Brussels, not Athens, now controls whether and how the austerity program takes effect. If "detailed and ongoing inspection" shows that the actual results fall short of those predicted, Almunia says, then Brussels' watchdogs will demand additional measures. There were even calls at the European Parliament last week to send a special EU representative with extensive authority to Greece. The small country has become little more than an EU protectorate.

The EU Commission and the euro-zone leaders hope these compulsory measures will steady markets. They also hope Greek unions and associations, from farmers to taxi drivers, won't mobilize against the reduction in the country's standard of living that will accompany these new measures.

German Finance Minister Schäuble and German Federal Bank President Axel Weber rule out giving aid to the struggling country. Indeed, EU treaties strictly forbid any such aid. The message is that Greece must help itself.

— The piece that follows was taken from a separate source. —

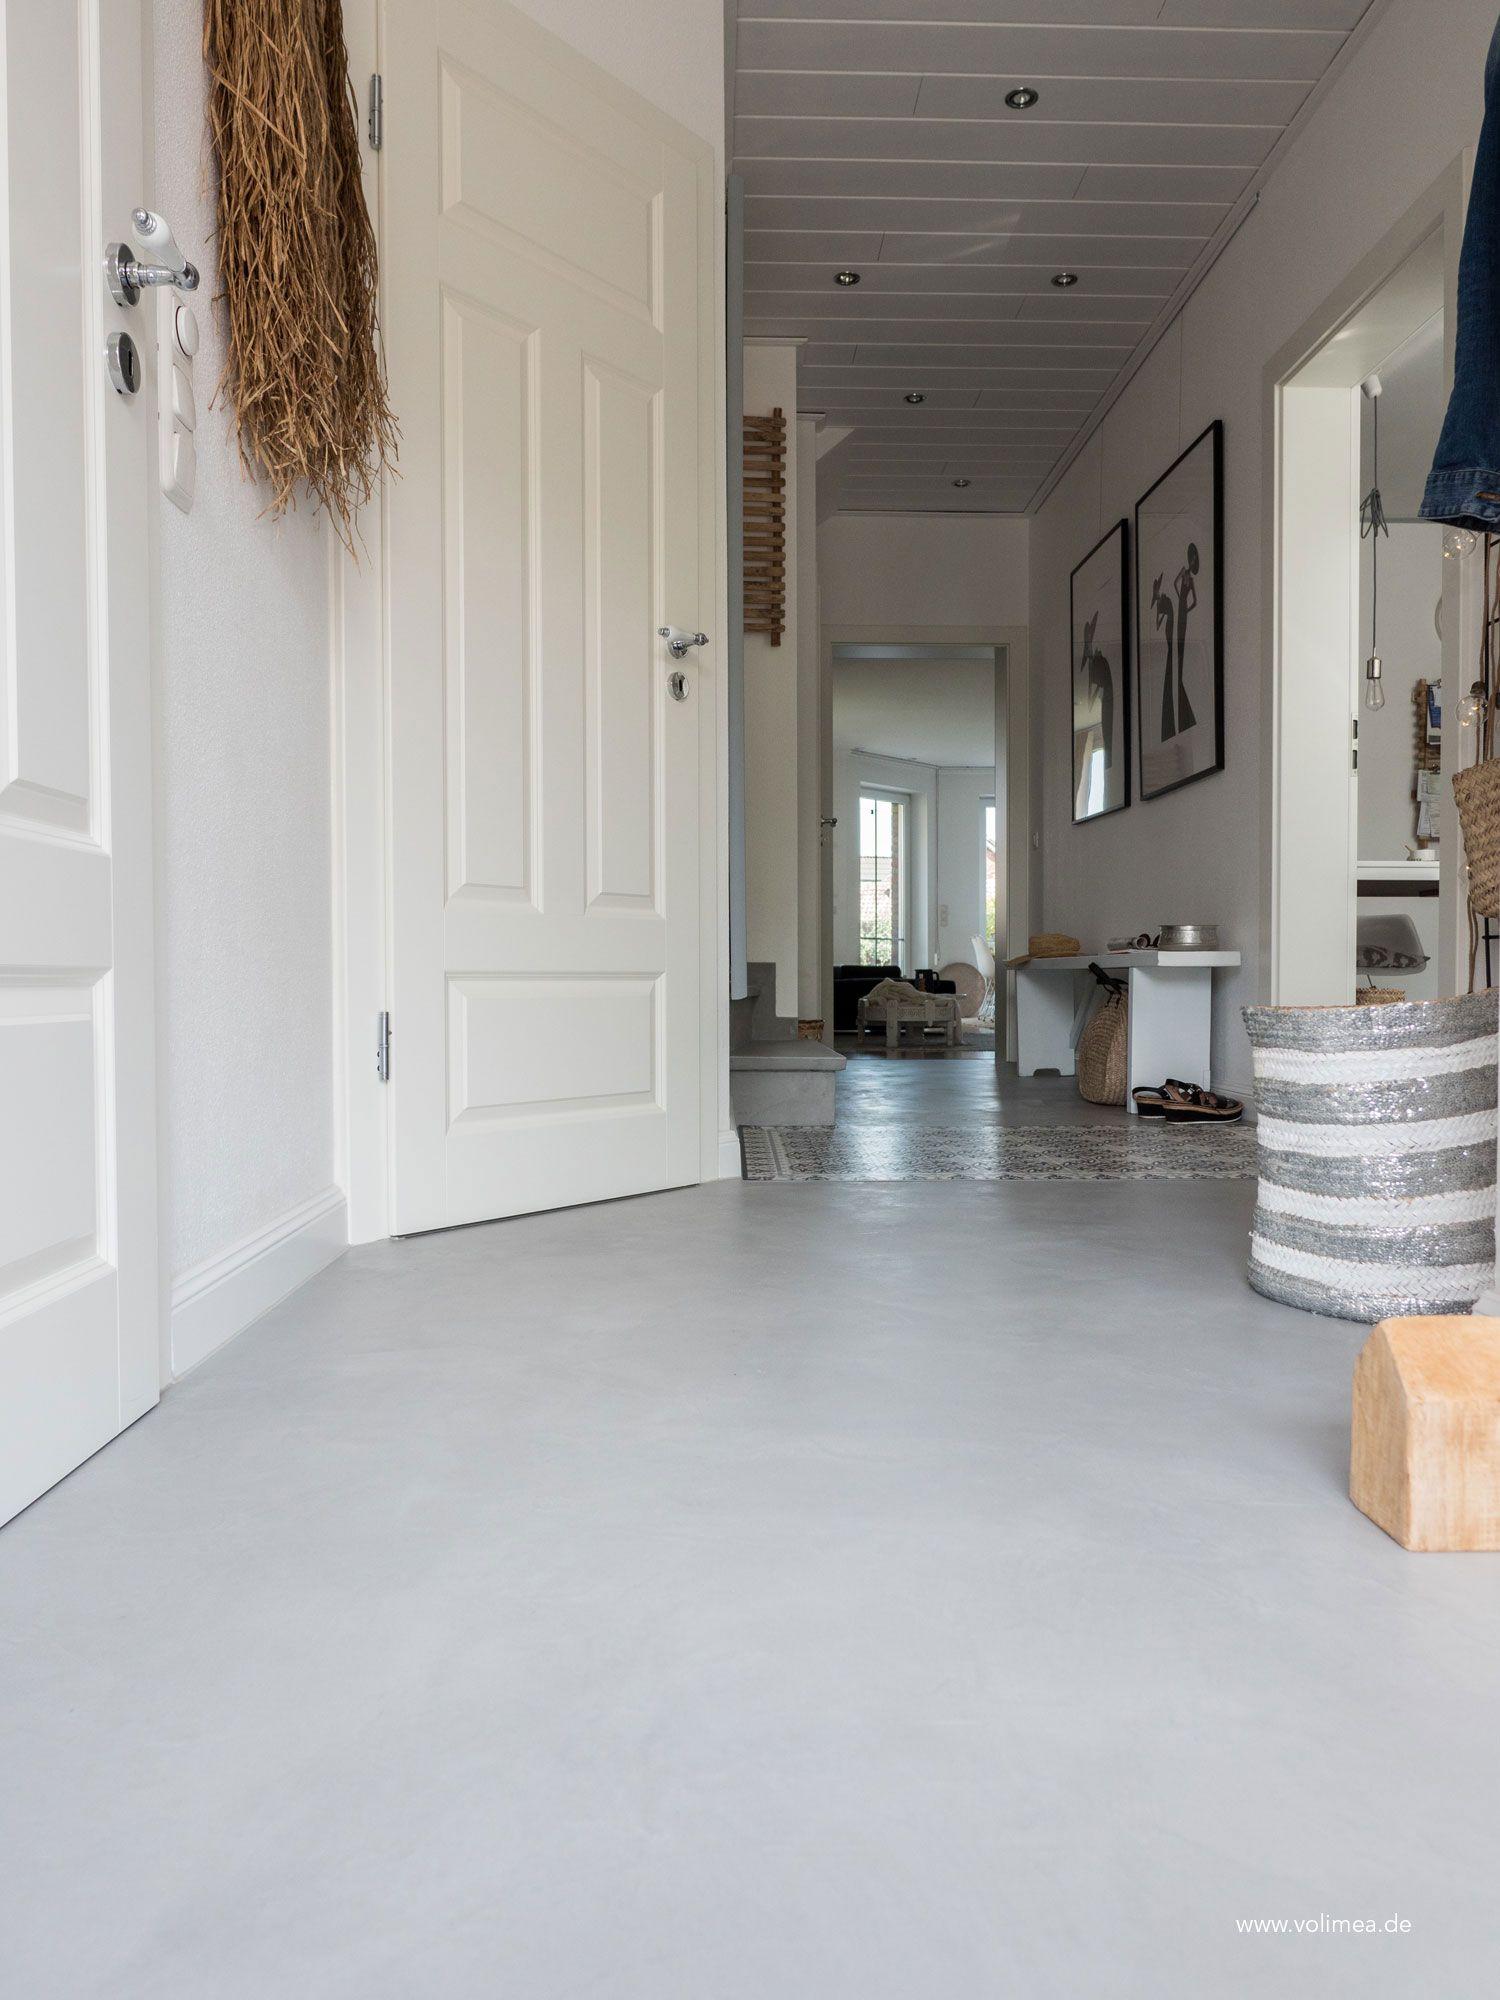 Boden Ohne Fliesen In Betonoptik In 2020 Wandbeschichtungen Bodenbeschichtung Fugenloser Boden

As a precautionary measure, though, both German officials, along with their colleagues in other EU countries, are keeping open the possibility of lending a hand anyway. The EU can't afford for a member state to go bankrupt, either politically or economically.

Out of the Question

The experts always debate the same possibilities. The first would be a common euro-zone bond, which would be placed at Greece's disposal. The advantages for Greece are obvious -- the country would receive funds more cheaply than it currently does because the euro zone as a whole wouldn't have to pay as high a risk premium as Greece alone does. The disadvantage is that countries with good credit, like Germany, would have to pay higher interest rates. Consequently, the German government insists that such a loan is out of the question.

An alternative would be bilateral financial aid. Solvent countries, such as Germany, would take out loans on the financial market at good rates and pass these on to Greece. But euro-zone governments are also reluctant to take this path.



The last option is the International Monetary Fund (IMF), which could use its resources to help Greece out of its credit crunch. It would likely impose much stricter conditions on its aid money than the EU would. But the IMF's involvement would also mean a loss of face for the entire euro zone and a triumph for the Washington-based institution, which was always skeptical of the euro.

If Greece doesn't stabilize in the coming weeks, the euro-zone's leaders will be left facing a choice between a rock and a hard place, with the third option being even worse.